Alzheimer's disease (AD) is a devastating neurodegenerative disease with pathological misfolding of amyloid-ß protein (Aß). The recent interest in Aß misfolding intermediates necessitates development of novel detection methods and ability to trap these intermediates. We speculated that two regions of Aß may allow for detection of specific Aß species: the N-terminal and 22-35, both likely important in oligomer interaction and formation. We determined via epitomics, proteomic assays, and electron microscopy that the Aß(42) species (wild type, ΔE22, and MetOx) predominantly formed fibrils, oligomers, or dimers, respectively. The 2H4 antibody to the N-terminal of Aß, in the presence of 2% SDS, primarily detected fibrils, and an antibody to the 22-35 region detected low molecular weight Aß species. Simulated molecular modeling provided insight into these SDS-induced structural changes. We next determined if these methods could be used to screen anti-Aß drugs as well as identify compounds that trap Aß in various conformations. Immunoblot assays determined that taurine, homotaurine (Tramiprosate), myoinositol, methylene blue, and curcumin did not prevent Aß aggregation. However, calmidazolium chloride trapped Aß at oligomers, and berberine reduced oligomer formation. Finally, pretreatment of AD brain tissues with SDS enhanced 2H4 antibody immunostaining of fibrillar Aß. Thus we identified and characterized Aßs that adopt specific predominant conformations (modified Aß or via interactions with compounds), developed a novel assay for aggregated Aß, and applied it to drug screening and immunohistochemistry. In summary, our novel approach facilitates drug screening, increases the probability of success of antibody therapeutics, and improves antibody-based detection and identification of different conformations of Aß.

Hydralazine modifies Aß fibril formation and prevents modification by lipids in vitro.

Lipid oxidative damage and amyloid ß (Aß) misfolding contribute to Alzheimer's disease (AD) pathology. Thus, the prevention of oxidative damage and Aß misfolding are attractive targets for drug discovery. At present, no AD drugs approved by the Food and Drug Administration (FDA) prevent or halt disease progression.

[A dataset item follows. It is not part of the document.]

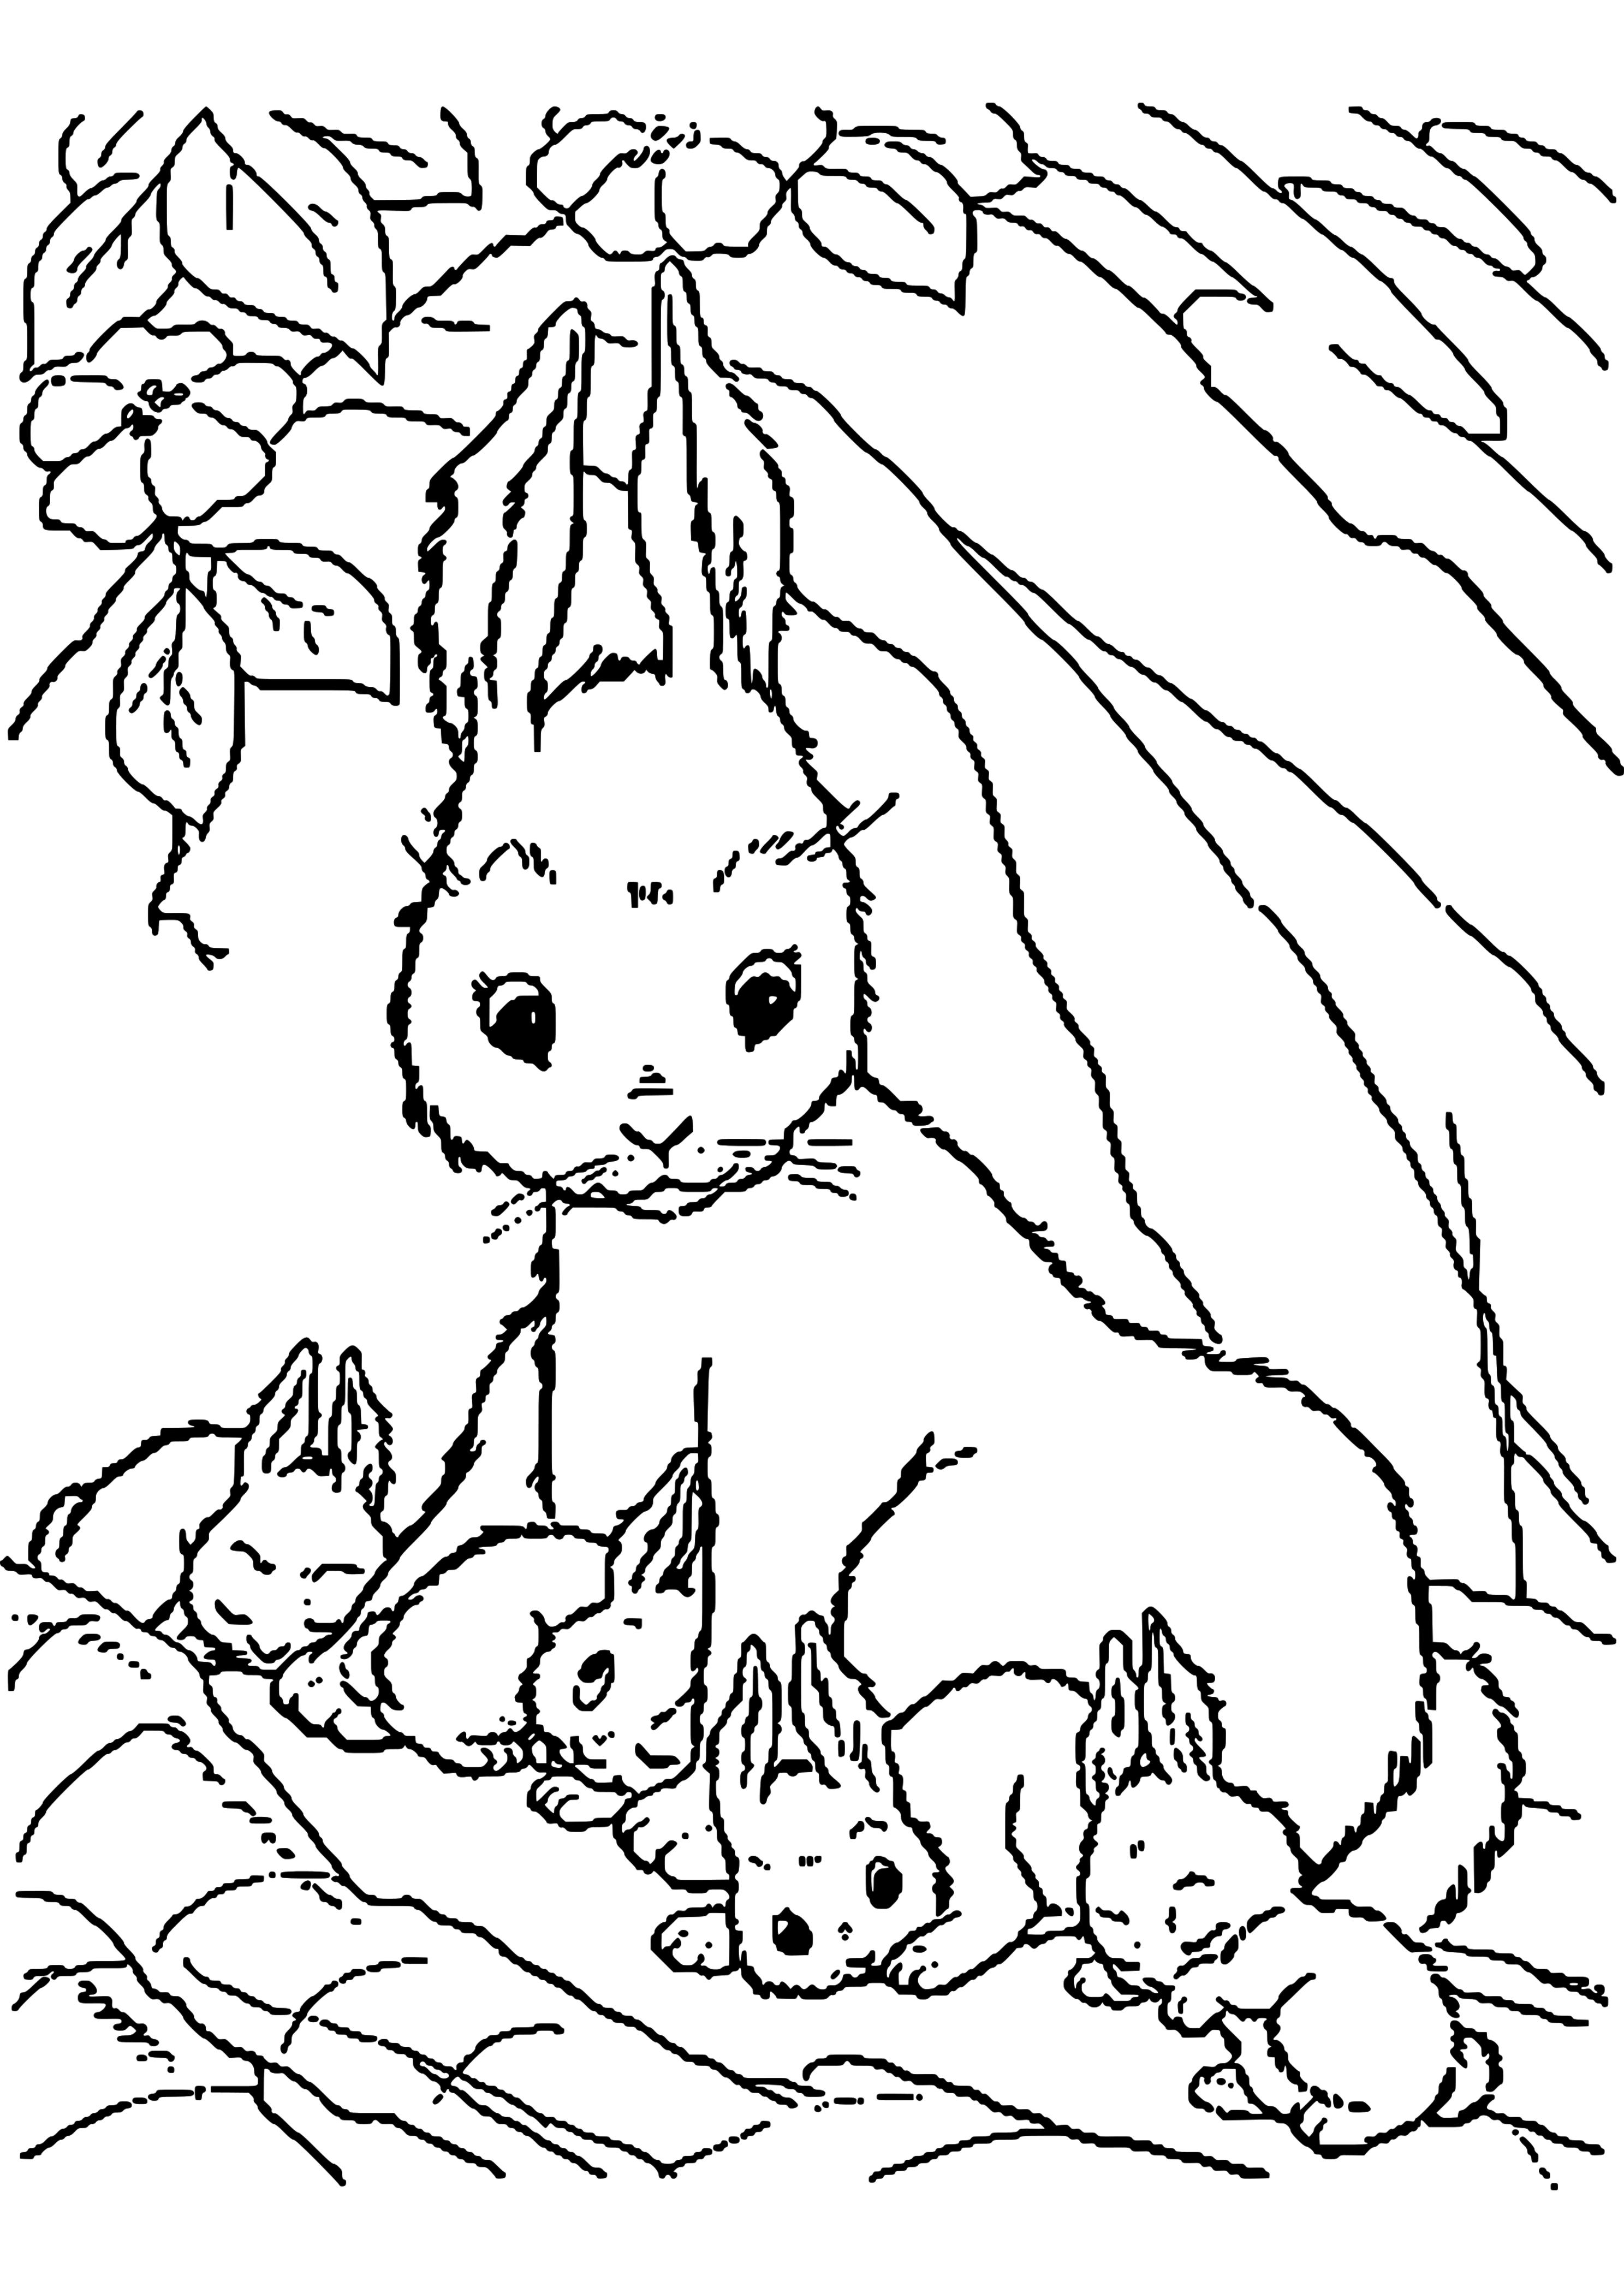 Ausmalbilder Kaninchen 6  Ausmalbilder tiere, Ausmalbilder
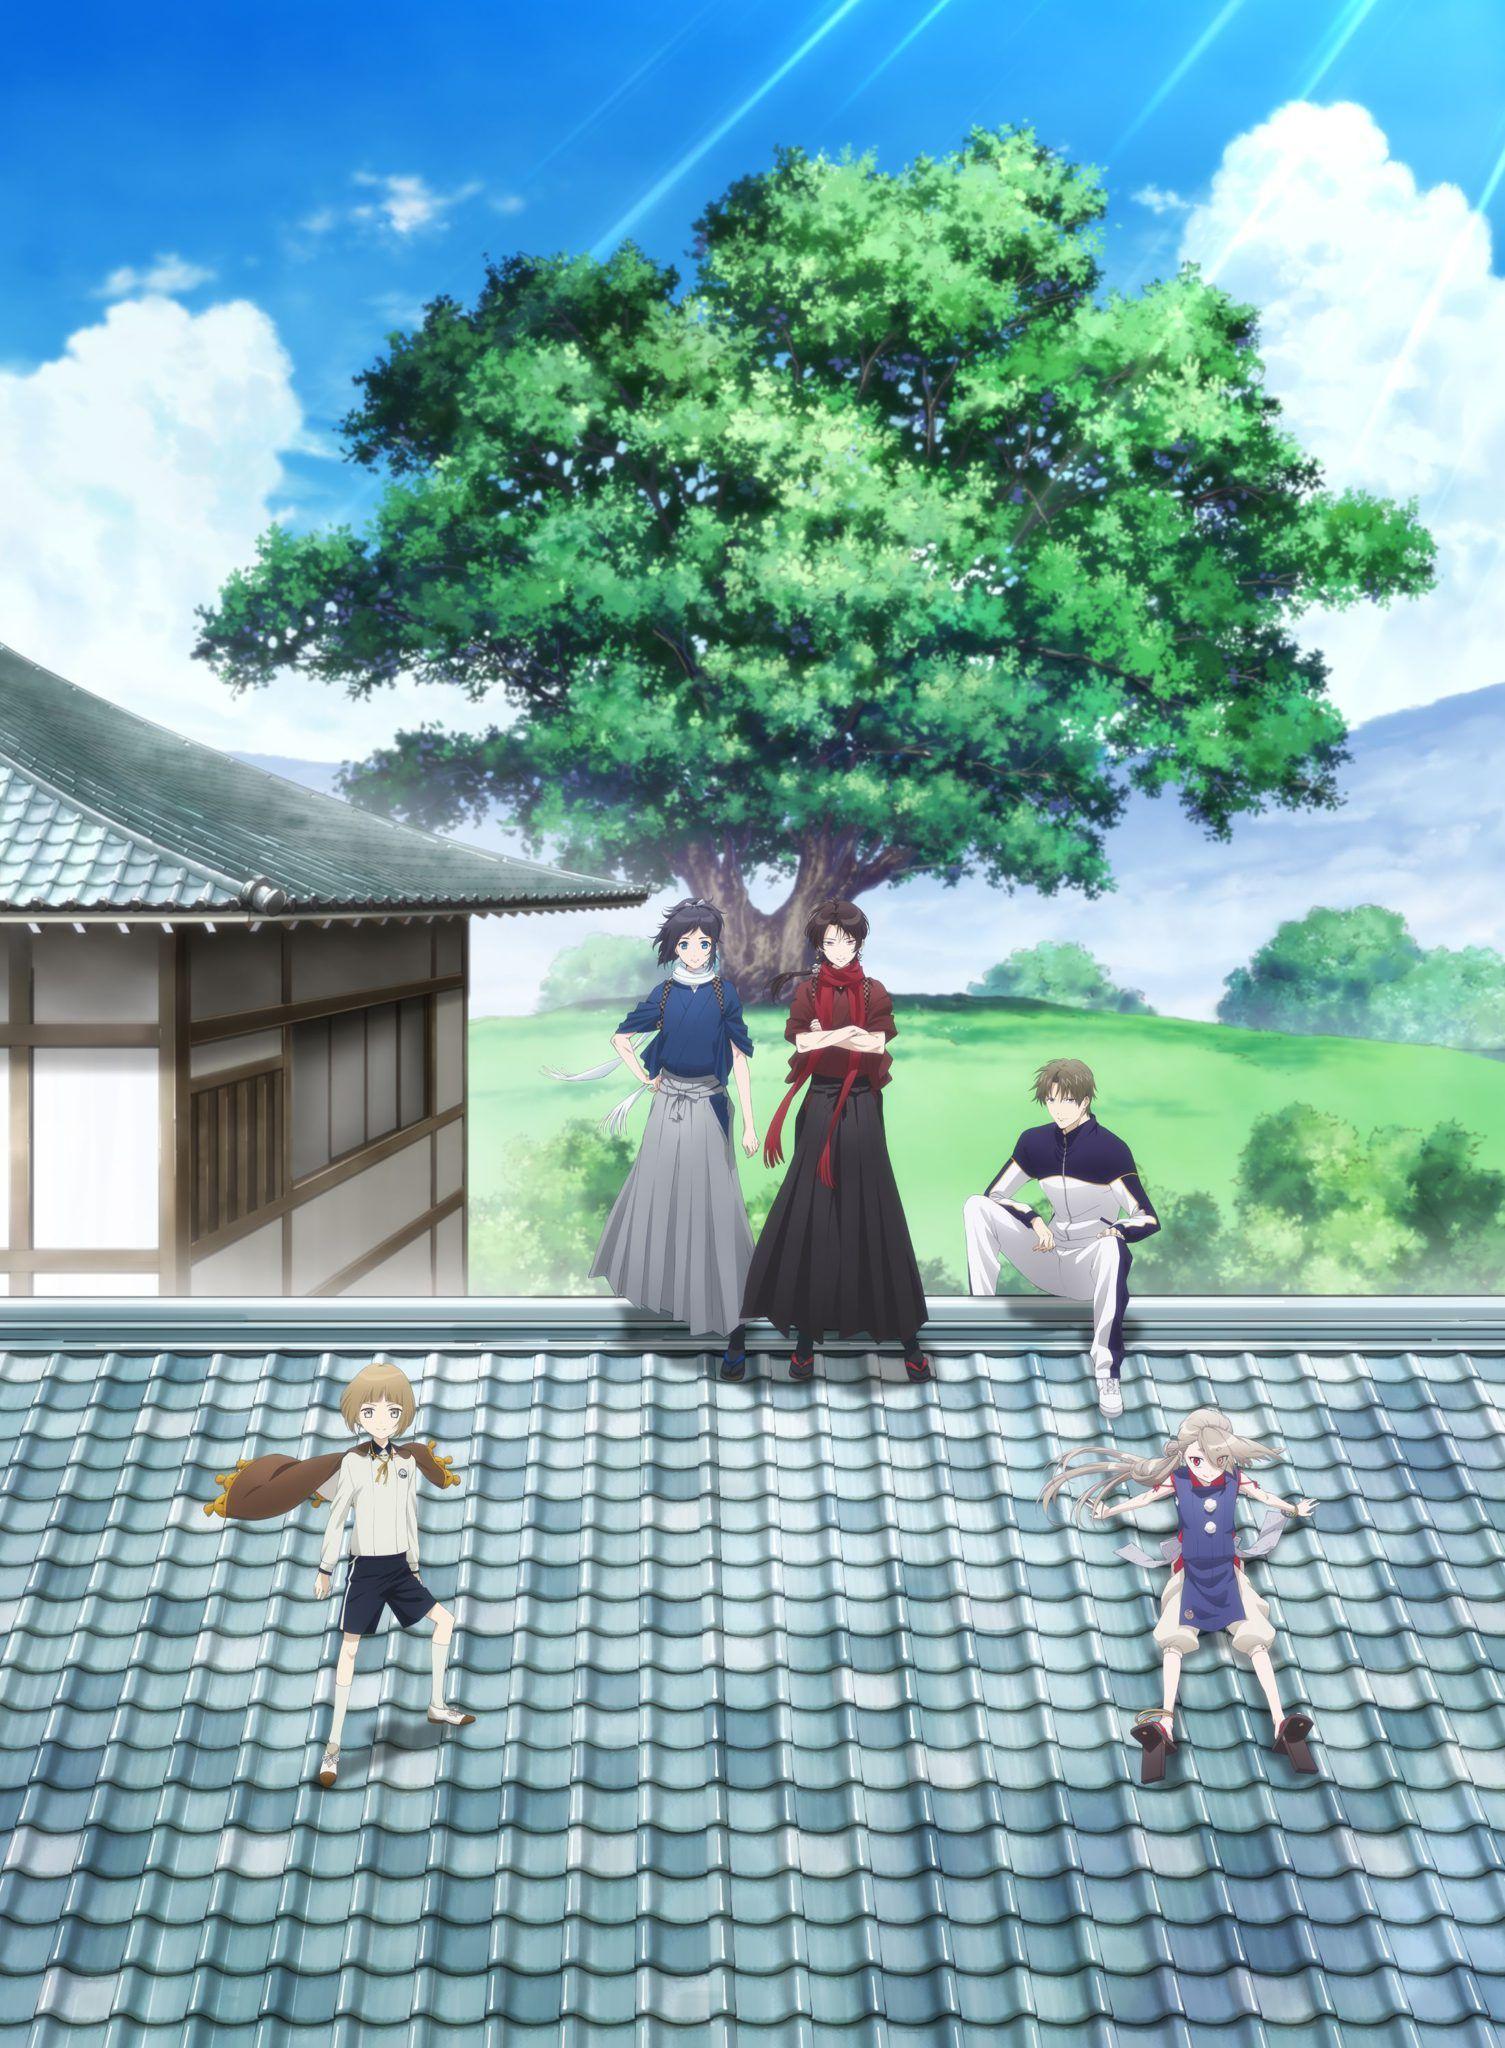 touken ranbu hanamaru key anime

Hydralazine, a smooth muscle relaxant, is a potential drug candidate for AD drug therapy as it reduces Aß production and prevents oxidative damage via its antioxidant hydrazide group. We evaluated the efficacy of hydralazine, and related hydrazides, in reducing (1) Aß misfolding and (2) Aß protein modification by the reactive lipid 4-hydroxy-2-nonenal (HNE) using transmission electron microscopy and Western blotting. While hydralazine did not prevent Aß aggregation as measured using the protease protection assay, there were more oligomeric species observed by electron microscopy. Hydralazine prevented lipid modification of Aß, and Aß was used as a proxy for classes of proteins which either misfold or are modified by HNE. All of the other hydrazides prevented lipid modification of Aß and also did not prevent Aß aggregation. Surprisingly, a few of the compounds, carbazochrome and niclosamide, appeared to augment Aß formation. Thus, hydrazides reduced lipid oxidative damage, and hydralazine additionally reduced Aß misfolding. While hydralazine would require specific chemical modifications for use as an AD therapeutic itself (to improve blood brain barrier permeability, reduce vasoactive side effects, and optimization for amyloid inhibition), this study suggests its potential merit for further AD drug development.